There is nothing flash about it, just the standard Mercedes 280 sedan body style of the 1960’s stretched by four inches. About the only thing that sets it apart is the chrome 6.3 on the right side of the trunk lid.
The car is the Mercedes-Benz 300SEL 6.3, in its day the fastest four door sedan in the world. Mercedes made it fast by stuffing the 6.3 liter v8 engine from its giant Pullman limousine into the 300 series. That gave it 300 horsepower, enough to push you back into your seat and with 435 lb-ft of torque, more oomph than a modern Chrysler 300C Hemi.
Not only could it out run the American muscle cars, it was faster than any 911 Porches of the era. The old Mercedes 6.3 did zero to 60 mph in 6.9 seconds and had a top speed of 131 mph. Those numbers are as tested by Road and Track. Mercedes claimed the car had a top end of 140 mph. This car weighs just over 2 tons. In spite of its weight it could out run many of the muscle cars of its day.
“This is faster than a 396 Camaro and as fast as a 440 `6-pack’ Road Runner,” says Randy Crooks, a man who sells tombstones in Lake Echo, Nova Scotia, and who is the acknowledged expert on the 300SEL 6.3 in Canada. “It is the ultimate sleeper car.”
Another expression for sleeper is `Q Car’. It means that sitting a stoplight no one could ever guess how fast this thing is going to take off. I tried it myself the other day in a 300SEL 6.3 so mint it looked and sounded as if it just came out of the showroom. I didn’t have a stop watch, but from a standing start I was at the speed limit in a flash. It was nowhere near as smooth as a modern car, but then it is 35 years old.
The car is owned by Bill McNamara, a Toronto lawyer who drives his 1970 6.3 every day. He has even put four snow tires on and driven it in the winter, but after the latest paint job leaves it garaged on snowy days. McNamara is probably the only person in Canada who uses a 300SEL 6.3 as a daily runner. That according to Randy Crooks who says there are fewer than 15 of them in the country.

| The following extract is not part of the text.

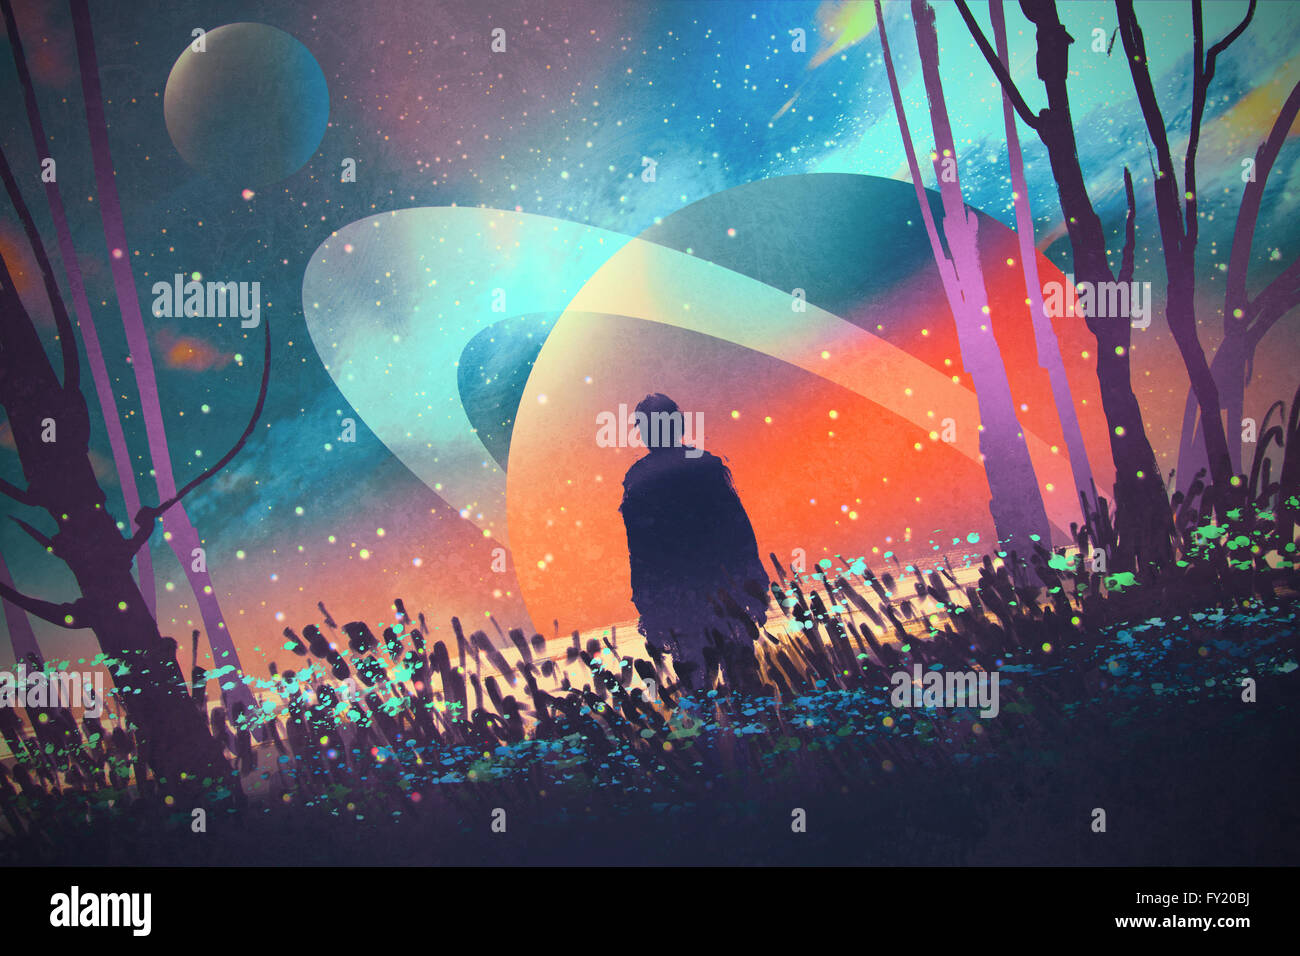 man standing alone in forest with fictional planets background,illustration Stock Photo
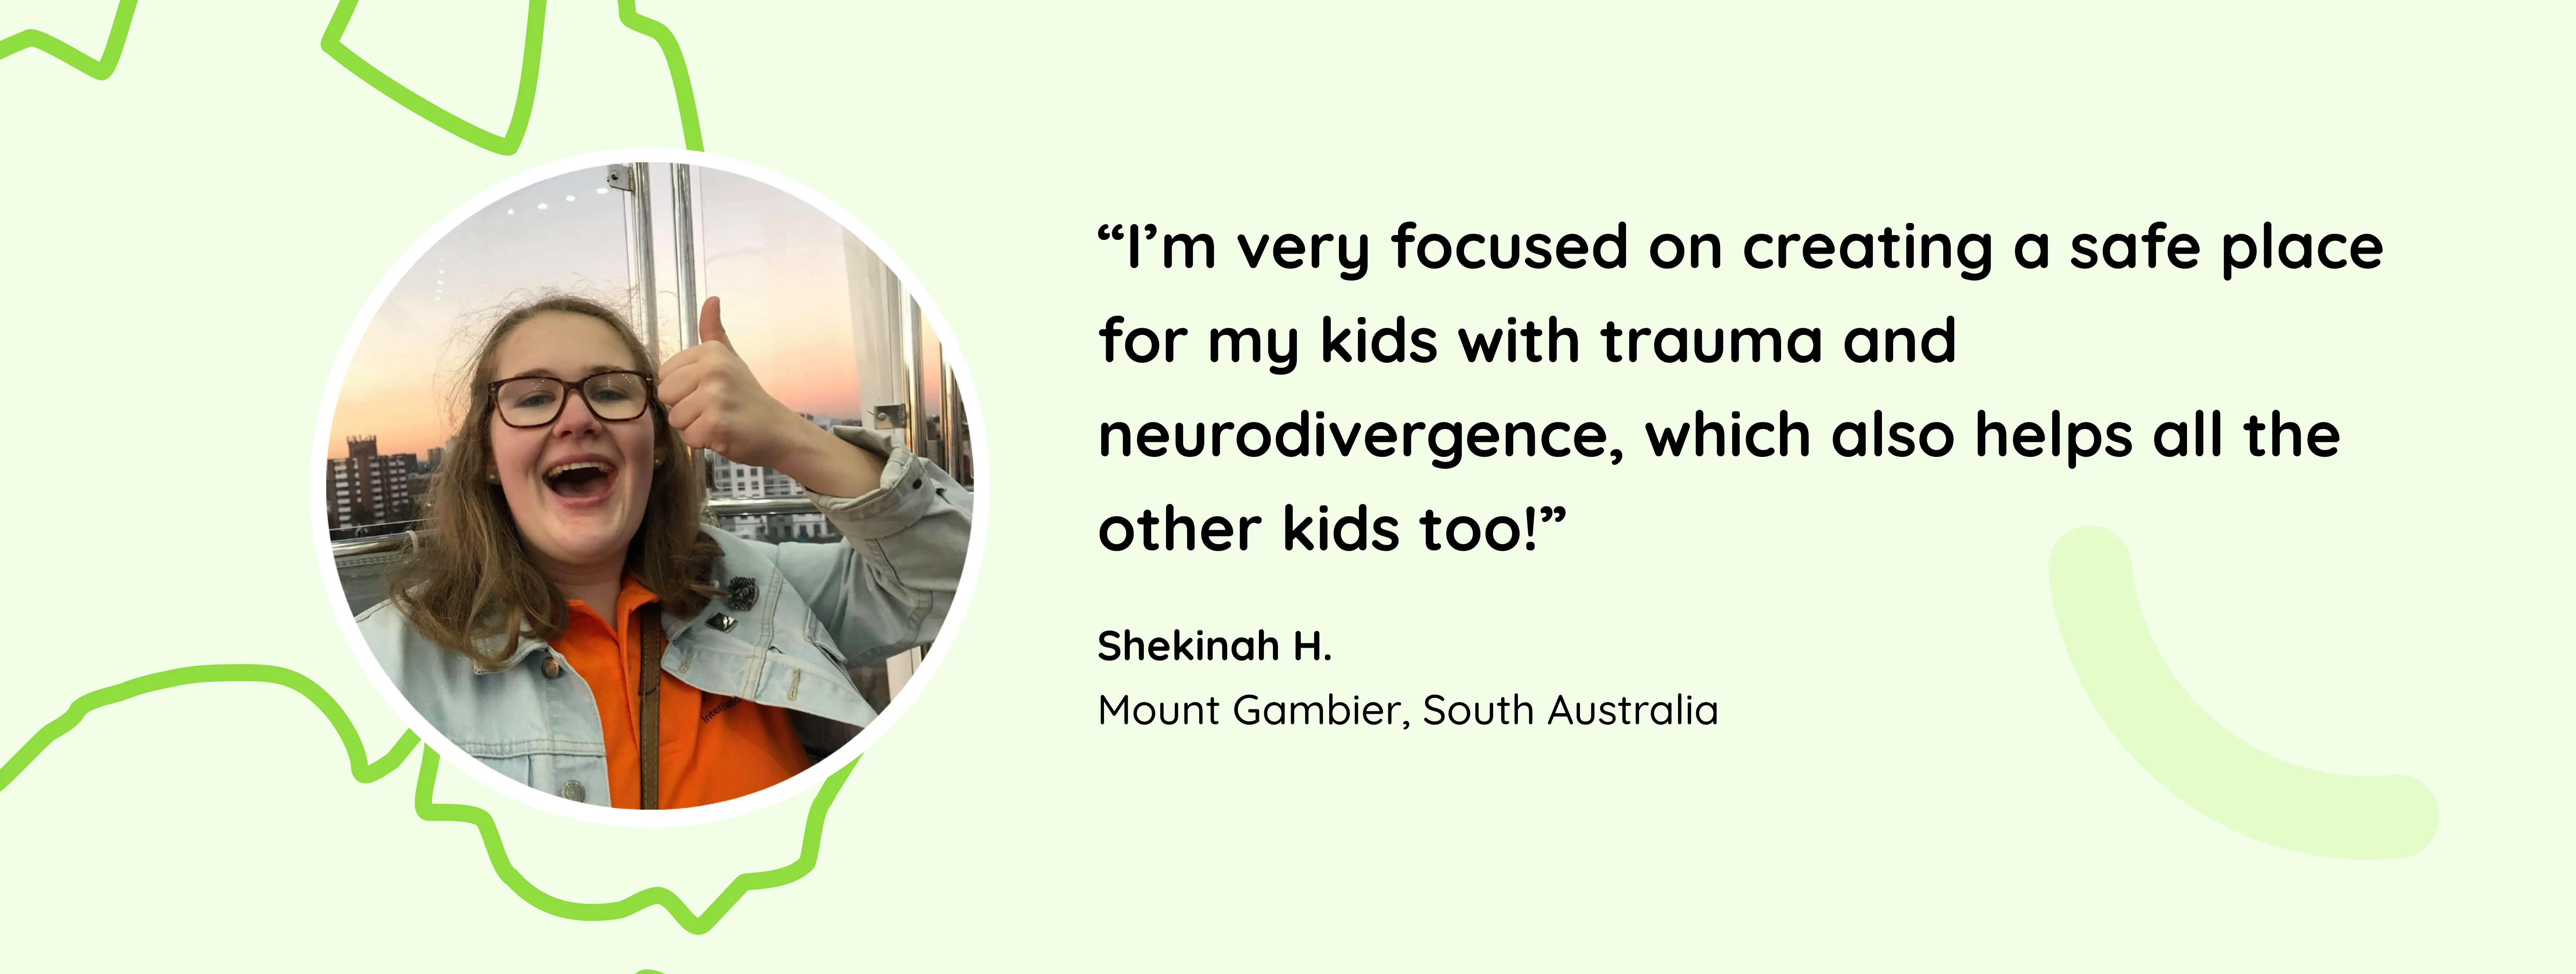 This visual shows Shekinah, who is a teacher from South Australia, sharing how Classroomscreen helps her teach students with neurodivergence/trauma.

McNamara bought his car from Crooks in 1999 for $8,000. He fell in love with the car in the early 70’s when one of his father’s friends let him take one out for a ride.
“I’m not sure if I even had my licence back then,” remembers McNamara. “He told me to gun it and we were doing 85 mph in no time. Ever since then I wanted one.”
Everything works, from the air conditioning to the stock radio. McNamara won’t say how much he has spent on the car, out of a combination of modesty and embarrassment, but it is expensive to keep on the road. The biggest mechanical job was a transmission overhaul at around $4,000. The car was in the shop for 6 months getting painted. It looks new, and that can’t have been cheap.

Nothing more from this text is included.